Rarely do we consider the resources that are necessary to make those works of art available to the public on a daily basis, from the structurally safe buildings that must be able to both handle a continual stream of visitors and also protect the artwork in a climate-controlled environment, to the number of staff members needed to guard the art, clean the buildings, sell the tickets, tear the tickets, lead the tours, etc. Additionally, the most celebrated works of art draw large masses of visitors to the cities in which they are held, which can create a social and environmental strain on the host city.

These factors recently came to the fore in Italy, where Michelangelo’s marble masterpiece David (shown above) is the centerpiece at L’Accademia in Florence, bringing in 8 million euros worth of ticket sales each year. However, instead of helping Florence cope with the strain of hosting so many tourists, that money goes to the Italian government.
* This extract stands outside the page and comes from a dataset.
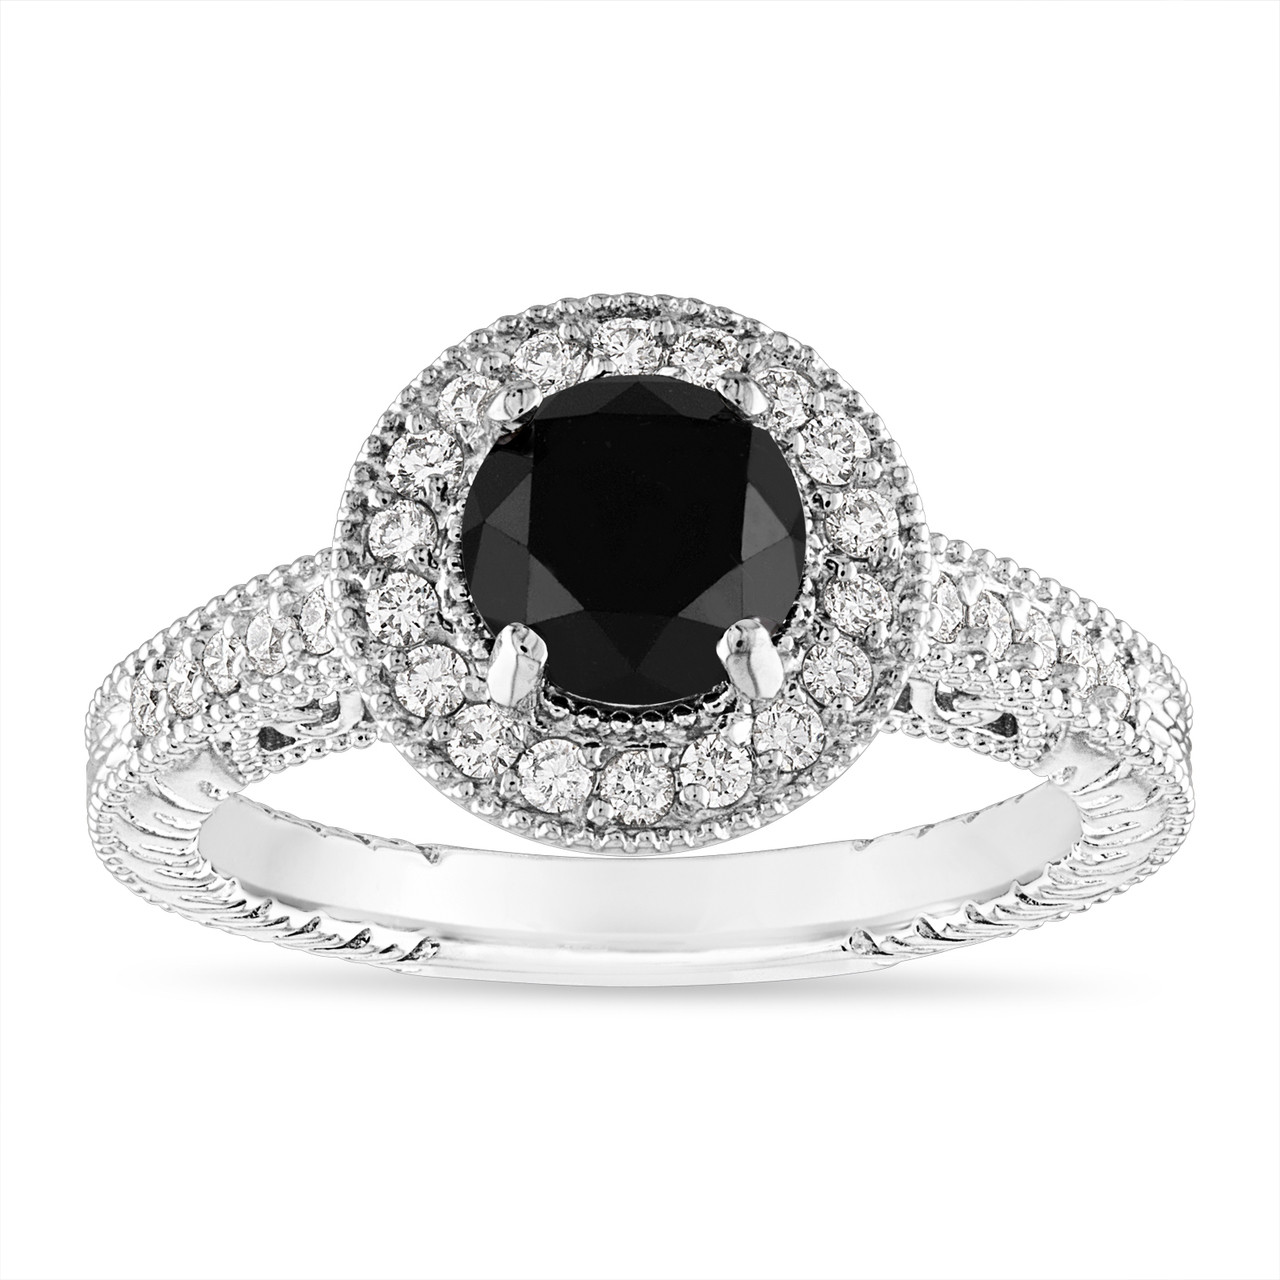 Wedding Rings Black Diamond
 1 48 Carat Black Diamond Engagement Ring Vintage Wedding

While Renaissance marvels such as Michelangelo’s David are responsible for making Florence one of the most visited cities in the world, the city of Florence does not in itself benefit financially from having the well-known statue in its midst.

Matteo Renzi, the mayor of Florence, brought this discrepancy to light and requested that the revenue from David be transferred to Florence instead of the Italian government. This opened an investigation into who or what is the true owner of the celebrated statue. Both the city of Florence and the Italian government claim ownership of the statue and both dispute the other’s sense of entitlement to the revenues.

The debate will continue until either a consensus is reached or the revenue is shared fairly with Florence. In the meantime, thousands of visitors per day will stream past Michelangelo’s David as Florence continues to pay for the upkeep while Italy pockets all the profits.